The planned merger between PT Smartfren Telecom Tbk (FREN) and PT XL Axiata Tbk (EXCL) has raised significant questions about the future of Smartfren's stock listing. With the merger, Smartfren is at risk of being delisted from the Indonesia Stock Exchange (BEI), as the process will see FREN shareholders becoming EXCL stakeholders.
As outlined by I Gede Nyoman Yetna, the Director of Company Valuation at BEI, the potential delisting is based on Indonesia’s Corporate Law, specifically Law No. 40 of 2007 on Limited Liability Companies. According to this law, shareholders of a company that merges or consolidates automatically become shareholders of the surviving entity. Therefore, Smartfren’s listing may end once the merger is complete, as EXCL will absorb FREN into a new entity named PT XLSmart Telecom Sejahtera Tbk.
However, in the event of a merger, shareholders who are dissatisfied with the outcome have the right to request that their shares be bought back at a fair price, as stipulated under Indonesia’s corporate law. This allows FREN shareholders the opportunity to exit the company if they do not agree with the merger, giving them a measure of control in an otherwise complex corporate restructuring.
While the merger itself does not immediately result in delisting, it is likely that Smartfren will no longer operate as an independent entity once the process concludes. This will see the company integrated into the larger XL Axiata structure. The merger, valued at Rp 104 trillion, is expected to create a dominant player in Indonesia’s telecom sector, driving significant innovation and investment, particularly in 5G infrastructure and digital services.
XL Axiata's CEO, Vivek Sood, has highlighted that the combined entity will benefit from substantial financial strength and market power. The merged company, XLSmart Telecom Sejahtera Tbk, will not only expand its telecom coverage but also increase its ability to innovate and invest in the growing digital infrastructure of Indonesia.

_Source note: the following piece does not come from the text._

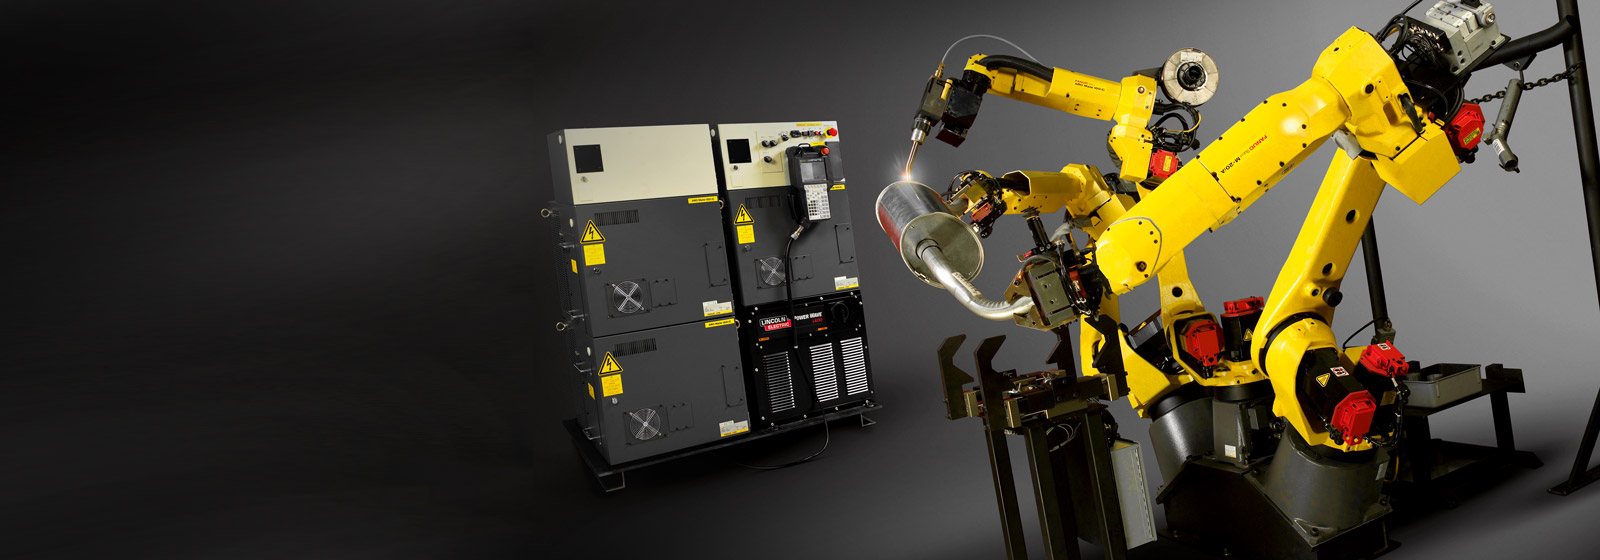 Three welding robots and control units

Despite the anticipated synergies and benefits of the merger, the process still awaits approval from both regulators and shareholders, with the final integration expected by mid-2025. In the interim, Smartfren’s shareholders will be closely monitoring the situation to understand how the merger will impact their investments, especially in terms of delisting and potential buyback options.
The deal is expected to produce significant cost savings, with estimates of pre-tax synergies ranging from $300 to $400 million. This will be achieved through network integration and the optimization of resources, enabling XLSmart to strengthen its position as a key player in Indonesia’s competitive telecom market.